Update: 23rd July 2014: This post is available in French translated by Vicky Rotarova

Well, this is not a tech post. Shoo… developers…

I’m not sure if this is a “Singaporean” thing or applies globally. Some people who are in charge of hiring has no clue how to get a good developer. So the first question they ask is for your “portfolio“. I really don’t understand how a iOS developer’s skill can be measured based on his application portfolio. A good looking app doesn’t correlate to a well written code. Back in the olden days of Web 2.0, asking for a portfolio means, you can have a look at the completed website AND the code (Javascript + CSS). Just because you hired people looking for their portfolios in the past doesn’t mean you should do that now.

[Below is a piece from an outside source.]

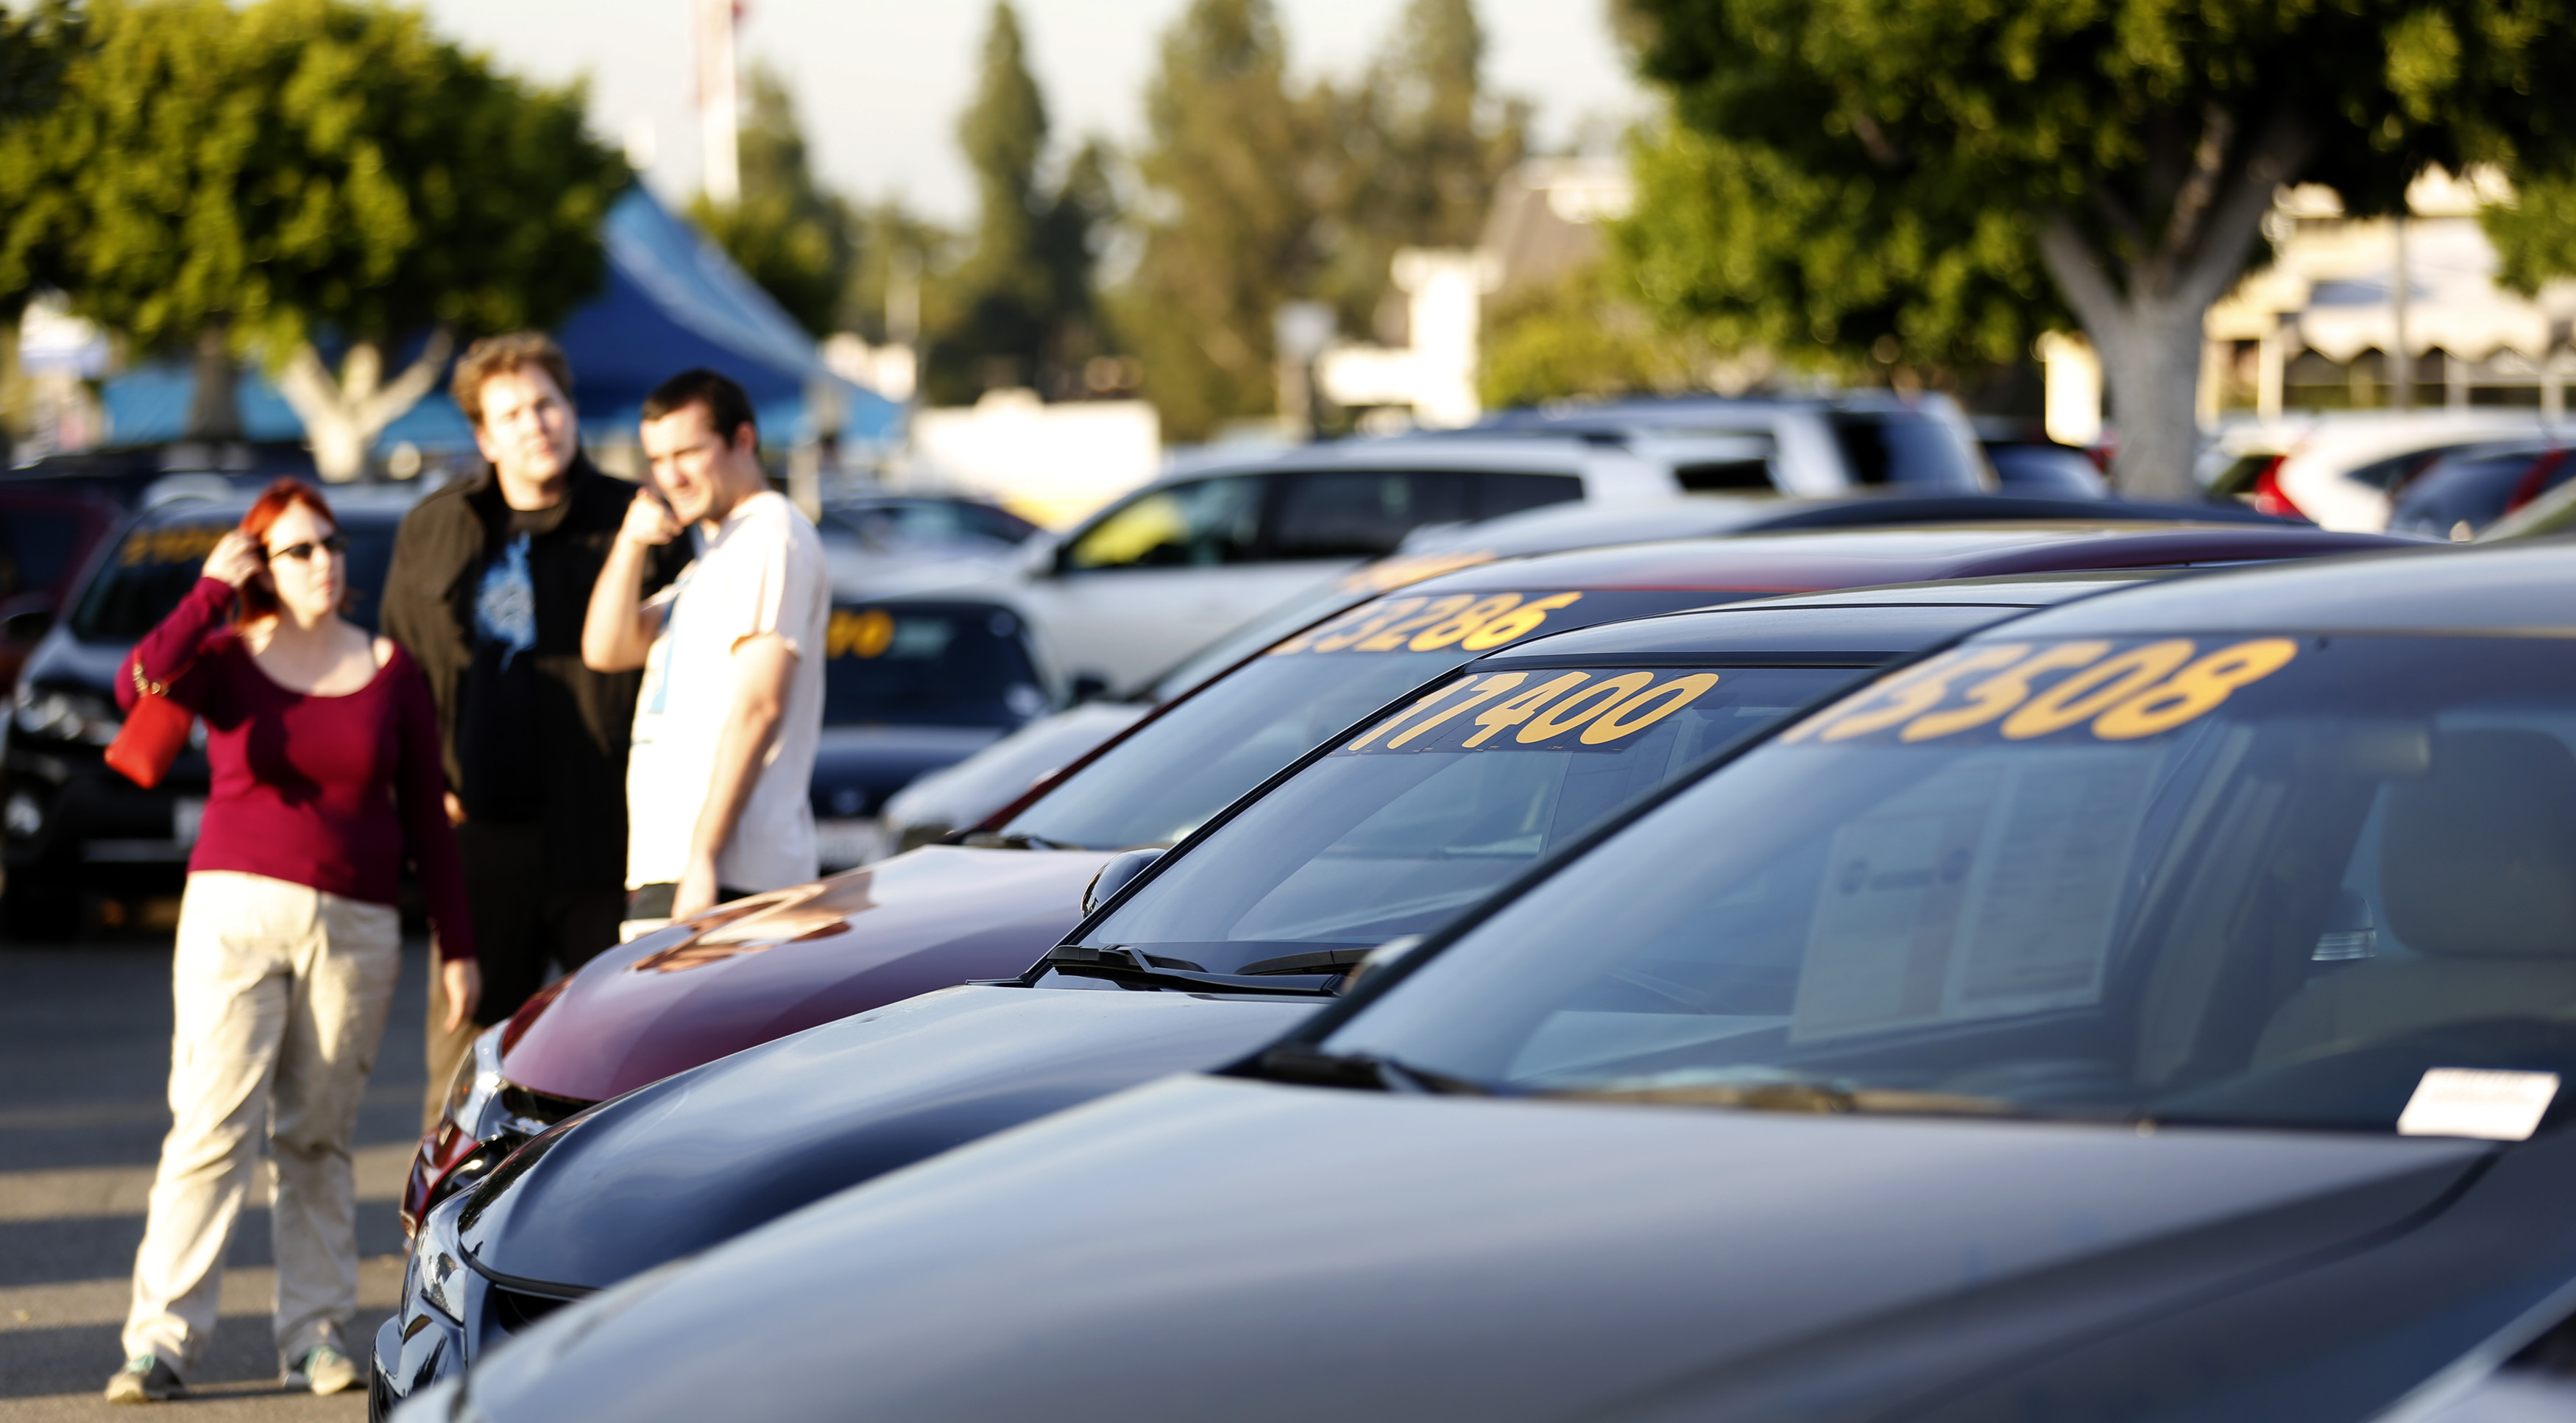 People look at vehicles for sale on the lot at AutoNation dealership in Cerritos

Instead, ask the prospective hire for his open source contributions. Mine is here. If you aren’t too conversant looking at code, ask for client references. Turns out that, most developers can do this. (As developers you can ask your client before giving out their names as references. Believe me, almost all clients are more than willing to do so.)

App portfolios aren’t a great way to judge a iOS developer (or any closed source developer). Think again, have you ever hired a backend developer (PHP/Ruby/ASP.NET/Java) by looking at the website he built? Hiring a iOS developer is very similar to hiring a backend developer. App portfolios are good for design agencies and makes sense when you are hiring a designer (or outsourcing your complete app to an agency).

Stop asking for app portfolios. Look at the prospective developers’ Github contributions or ask for client references.